■ Data provided:
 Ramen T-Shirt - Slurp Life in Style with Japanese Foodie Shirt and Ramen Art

---

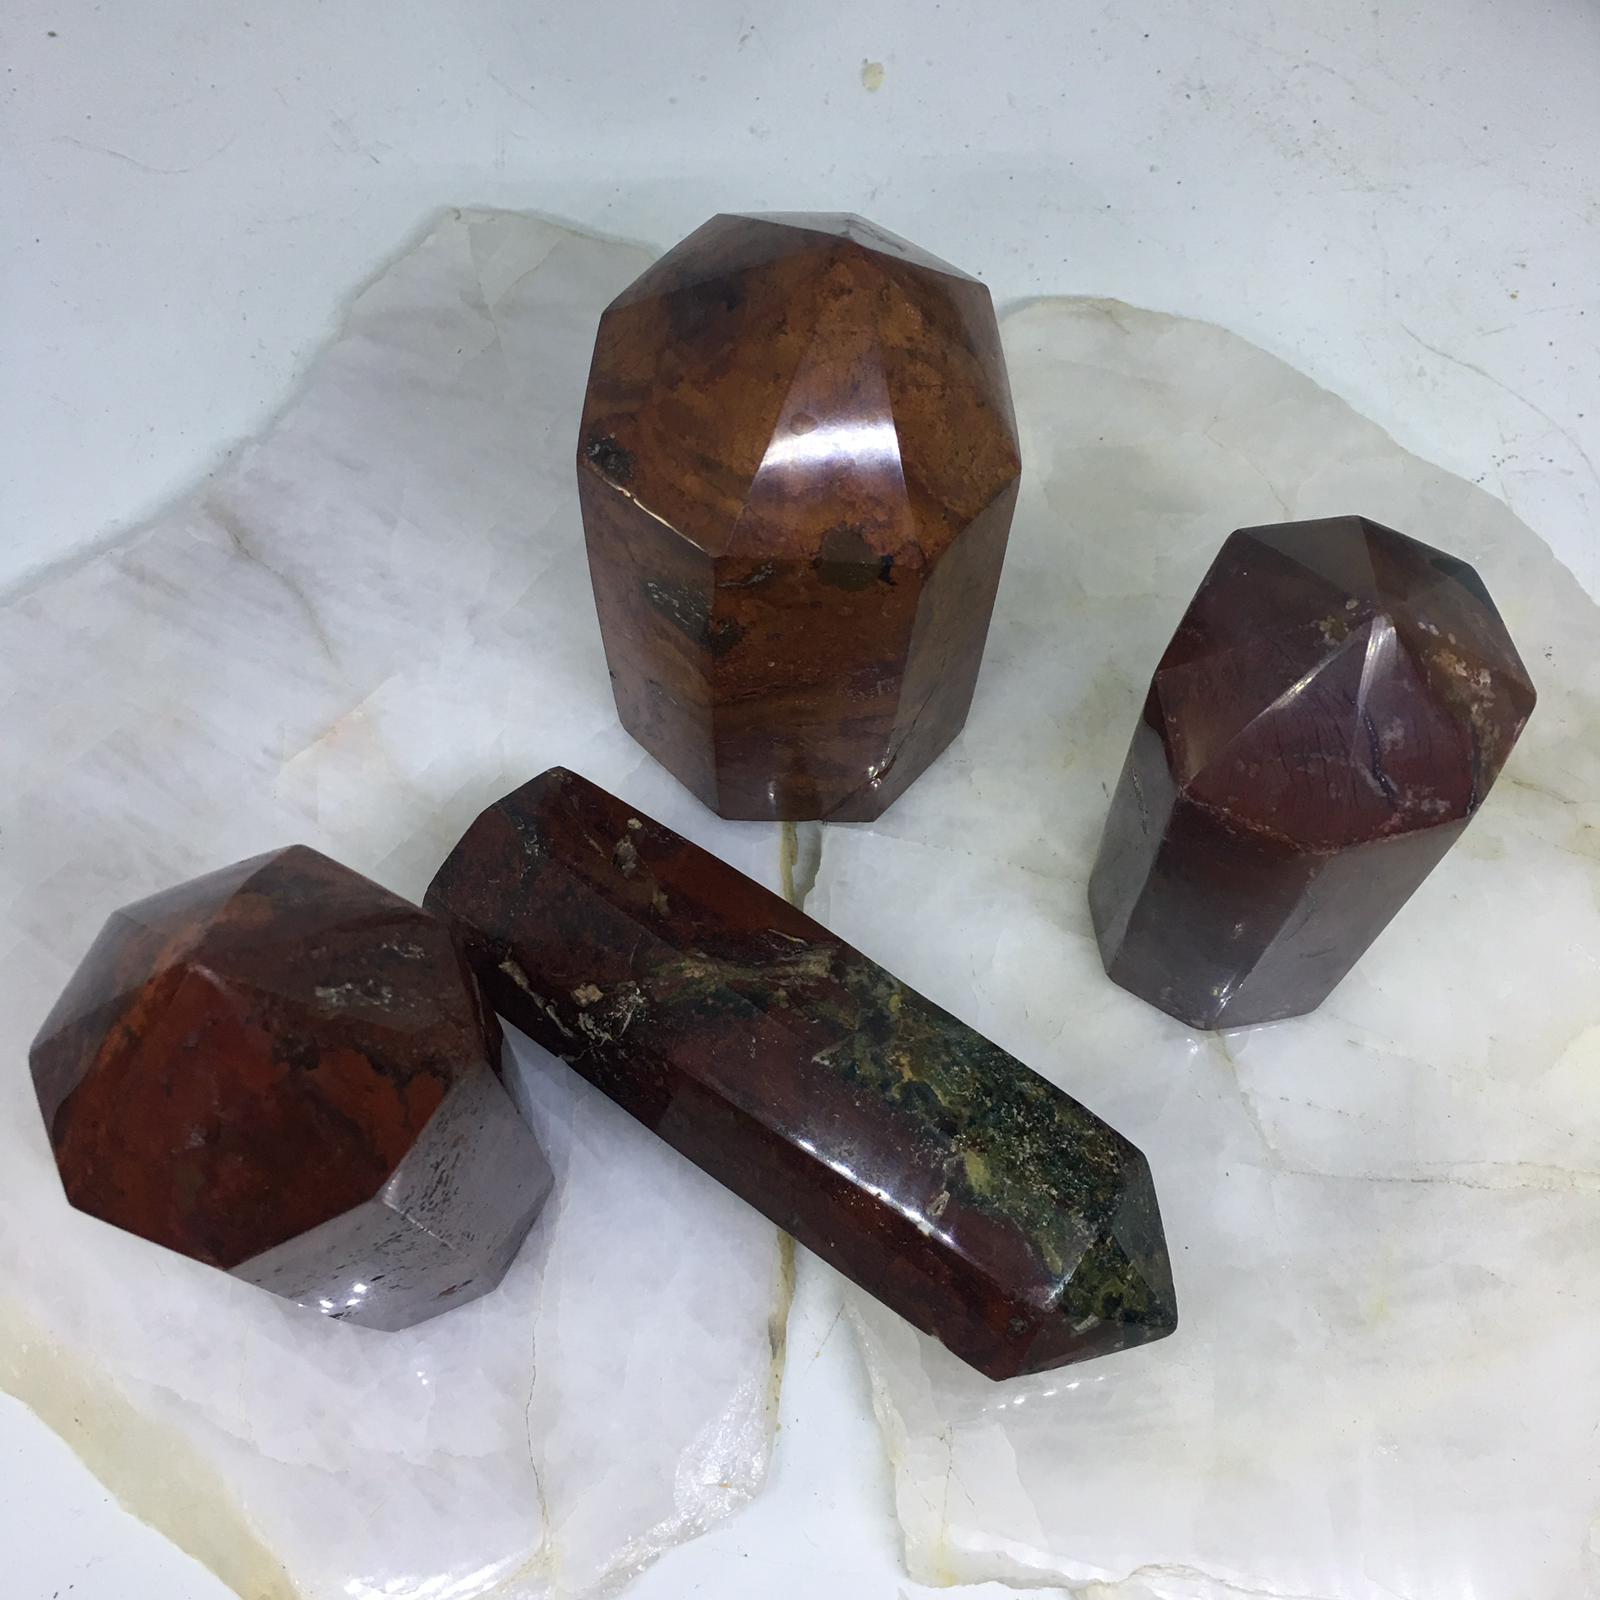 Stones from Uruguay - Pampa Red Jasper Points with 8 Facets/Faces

==

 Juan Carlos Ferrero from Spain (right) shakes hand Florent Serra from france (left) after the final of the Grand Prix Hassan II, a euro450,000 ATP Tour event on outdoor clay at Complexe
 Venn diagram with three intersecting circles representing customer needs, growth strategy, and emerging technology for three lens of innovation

■ Activity:
Given the data above, transcribe exactly the lines from the one containing "Juan Carlos Ferrero" down to the one containing "Venn diagram with", and no others.

■ Answer below:
 Juan Carlos Ferrero from Spain (right) shakes hand Florent Serra from france (left) after the final of the Grand Prix Hassan II, a euro450,000 ATP Tour event on outdoor clay at Complexe
 Venn diagram with three intersecting circles representing customer needs, growth strategy, and emerging technology for three lens of innovation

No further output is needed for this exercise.